On Fri, Sep 19, 2014 at 10:24 AM, Adam Harvey <ahar...@php.net> wrote:

> On 19 September 2014 02:58, Chris Wright <c...@daverandom.com> wrote:
> > On 18 September 2014 20:29, Kris Craig <kris.cr...@gmail.com> wrote:
> >> Hey guys,
> >>
> >> I just spent some time troubleshooting what appeared to be a DNS issue
> >> before I realized that, absent the optional $type argument, checkdnsrr()
> >> defaults to "MX".  Can anybody explain why it's defaulting to "MX" and
> not
> >> "ANY"?  It seems really counter-intuitive.
> >
> > This is a big wtf, especially since getmxrr() exists.
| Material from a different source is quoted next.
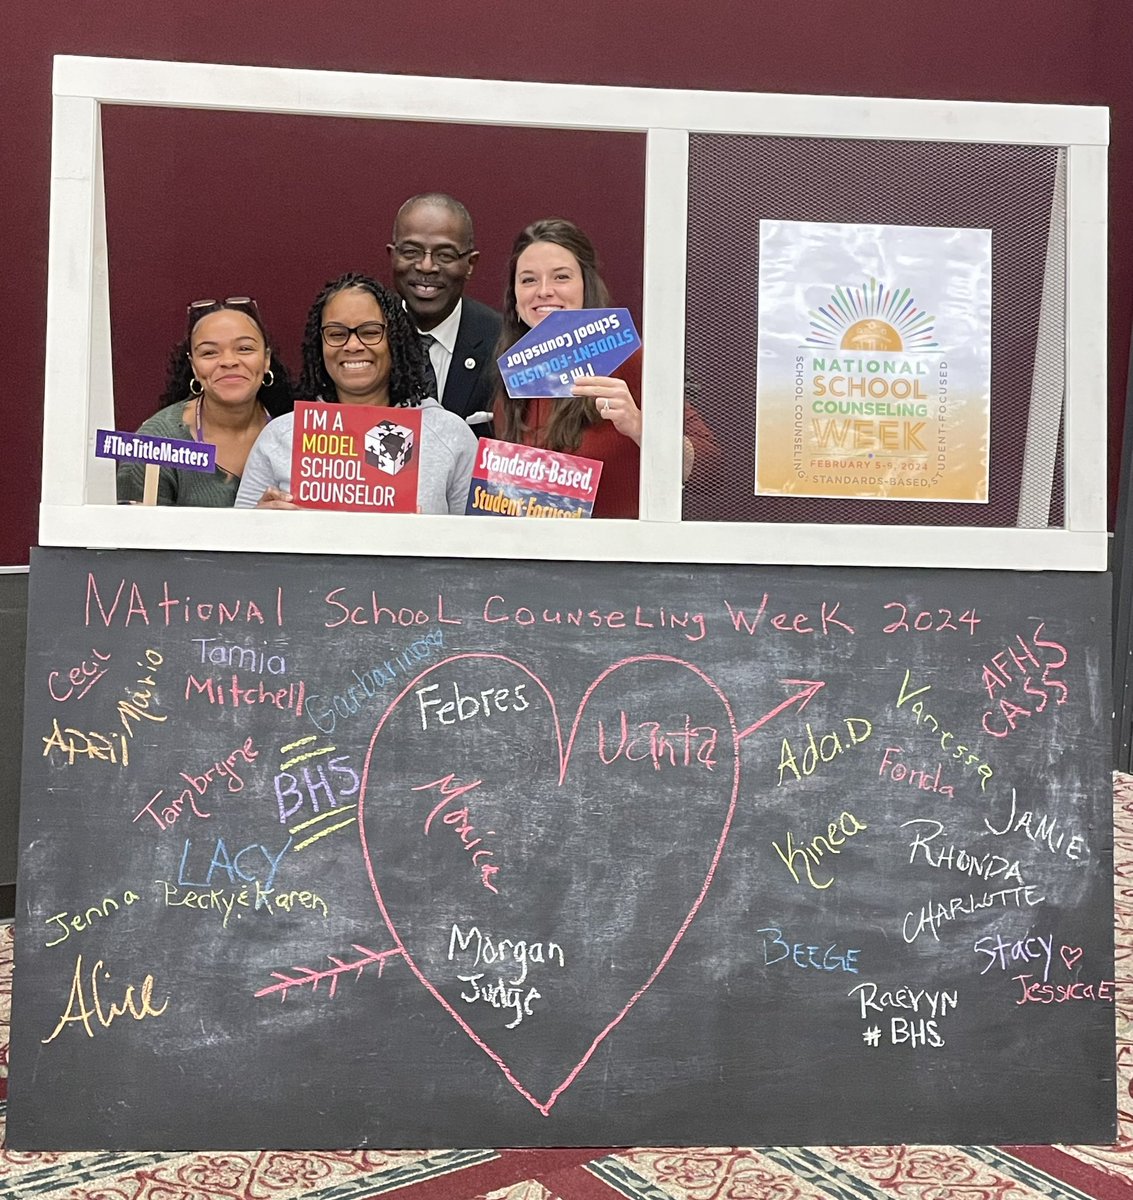 Thank you, Dr. Taylor, for supporting and celebrating School Counselors during #NCSW2024. @WCPSS @WCPSSTeam @WCPSSProfLearn @ASCAtweets @ncpublicschools

A cursory search
> > of github (not the best measure I know, but easy) reveals only a few
> > cases where this function is called without the second argument, and
> > every case I've found looks like they were expecting an A record, so
> > this code is likely broken anyway.
> >
> > In other words, +1 to change this to something saner ASAP.
>
> As an alternative, could we just make the type argument mandatory in
> PHP 7 and start issuing E_DEPRECATED warnings if it's omitted in 5.6
> or 5.7?
>
> Adam
>

I like both ideas.  Adam's approach would be more inconvenient for
developers, but it would also be less of a BC issue since merely changing
the default could cause some existing code to fail silently as opposed to
generating an error.  On the other hand, I can't think of any such use case
in which checking all DNS entries instead of just MX would cause any
scripts to break.  The only possible scenario I can think of would be if
they're using dnsrr() to check if an MX record exists and hit a host that
has an A record but not MX.  That would cause it to return TRUE when
they're expecting FALSE.

I'll draft an RFC when I get a chance and include both options in it.